▶ Task description: Transcribe the data exactly, omitting whatever pictures it holds.

▶ Dataset extract:
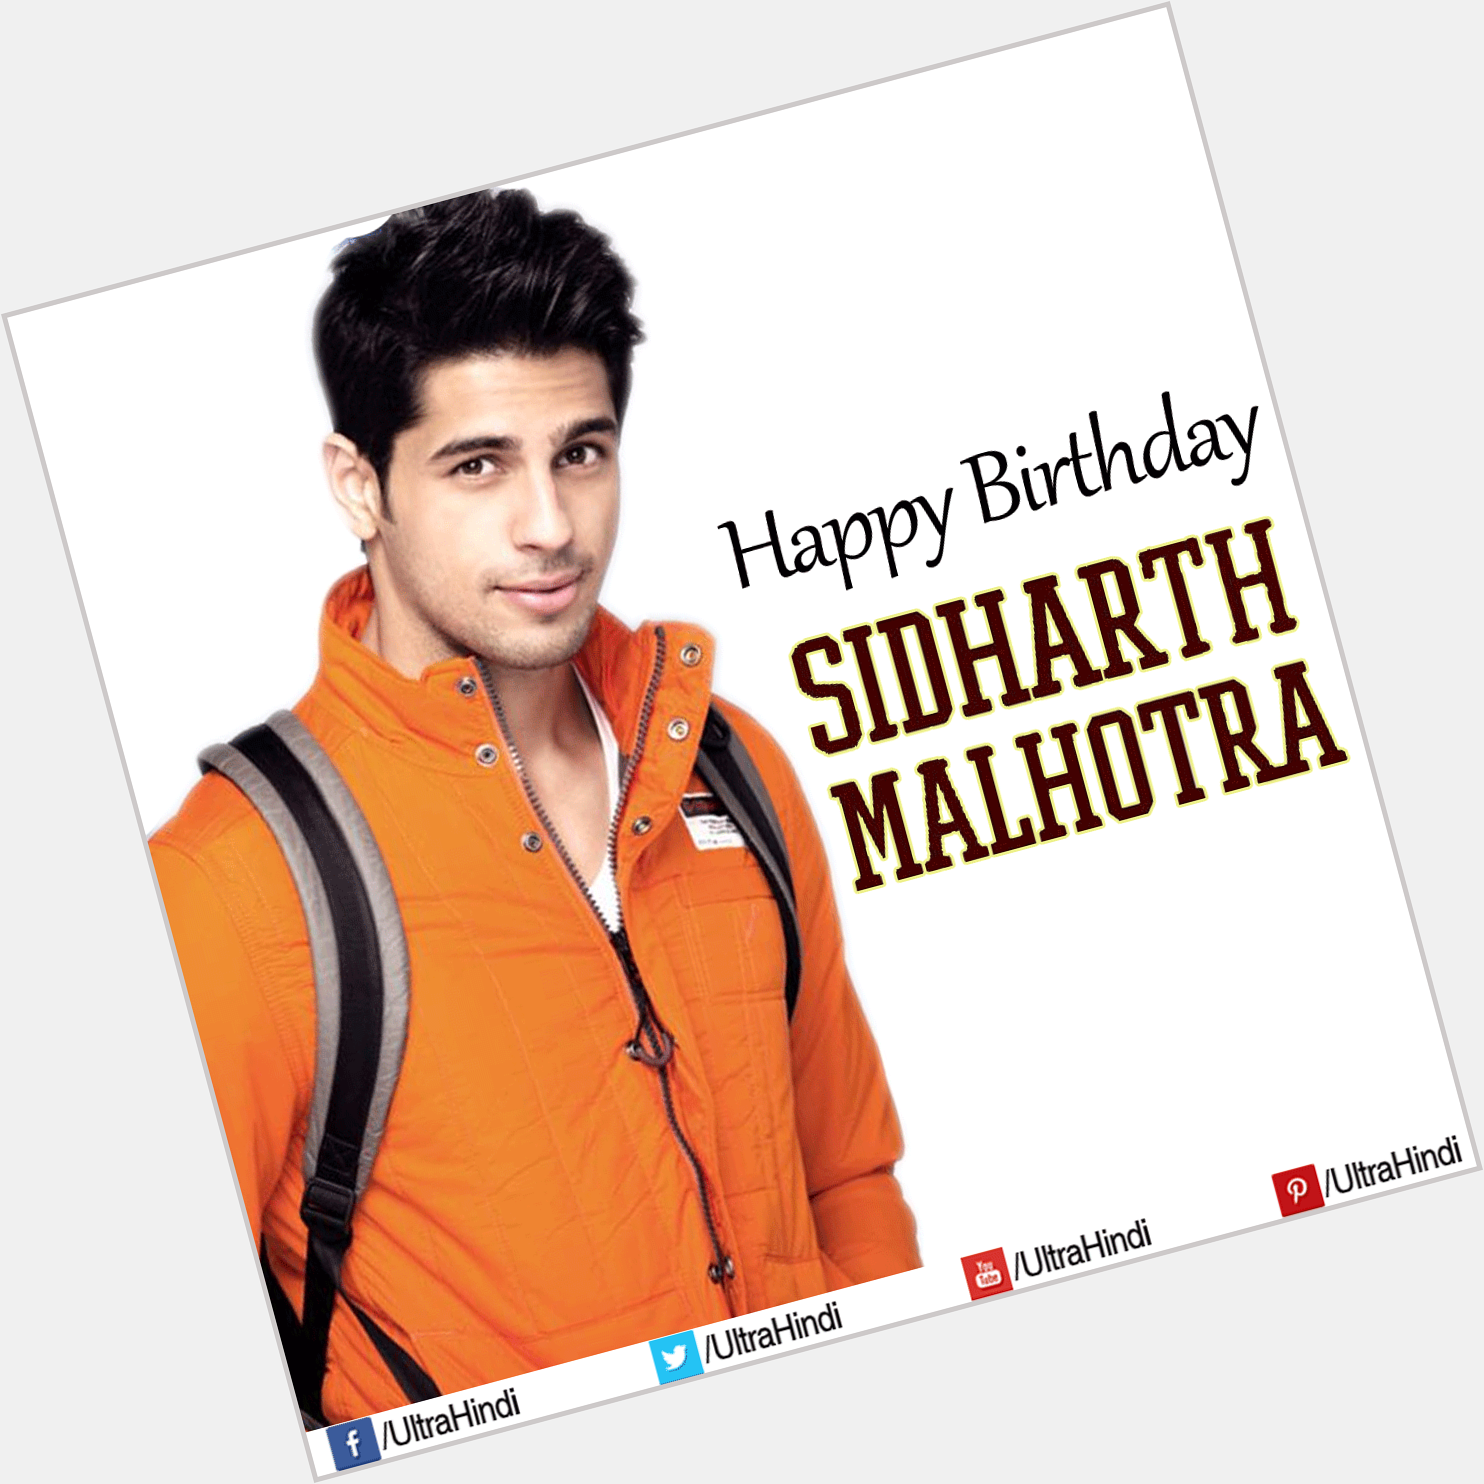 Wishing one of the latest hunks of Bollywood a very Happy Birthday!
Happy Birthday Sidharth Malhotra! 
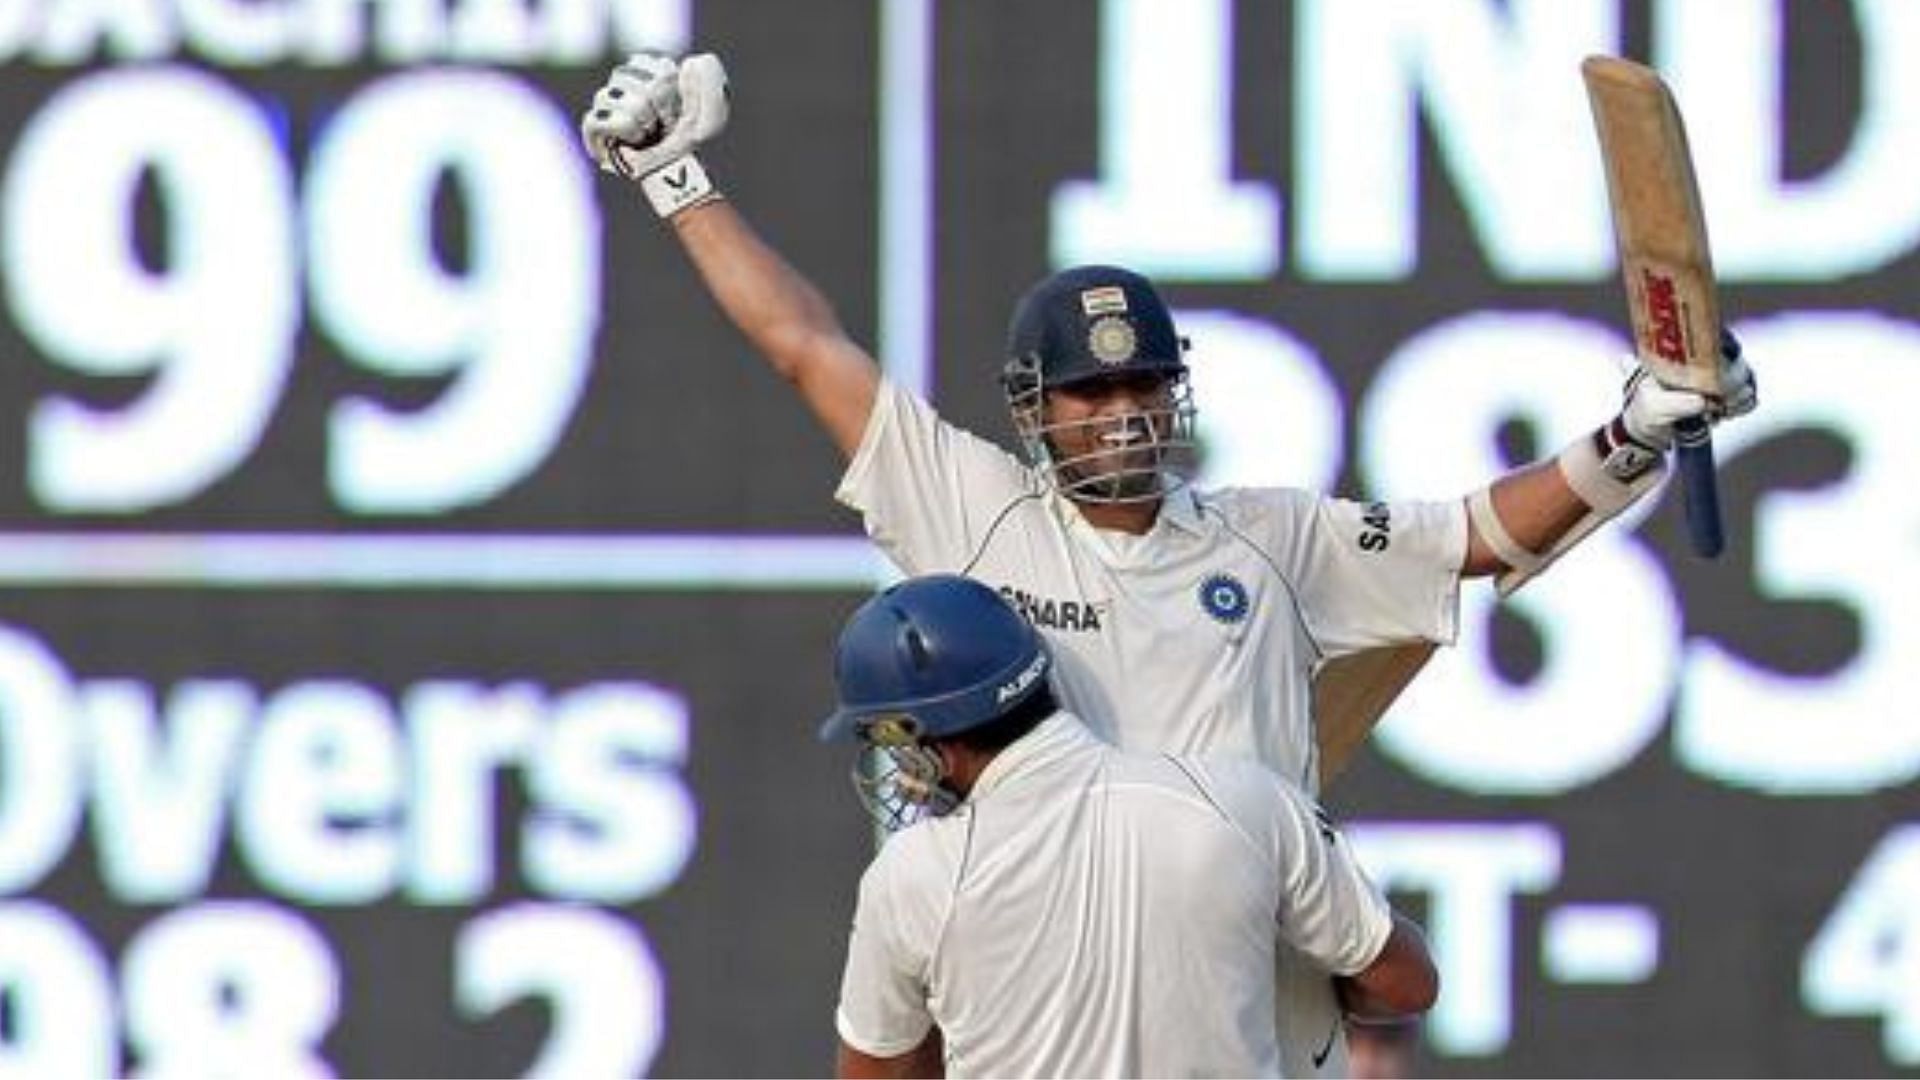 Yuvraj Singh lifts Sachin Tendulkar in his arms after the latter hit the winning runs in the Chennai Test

▶ Solution:
 Wishing one of the latest hunks of Bollywood a very Happy Birthday!
Happy Birthday Sidharth Malhotra! 
 Yuvraj Singh lifts Sachin Tendulkar in his arms after the latter hit the winning runs in the Chennai Test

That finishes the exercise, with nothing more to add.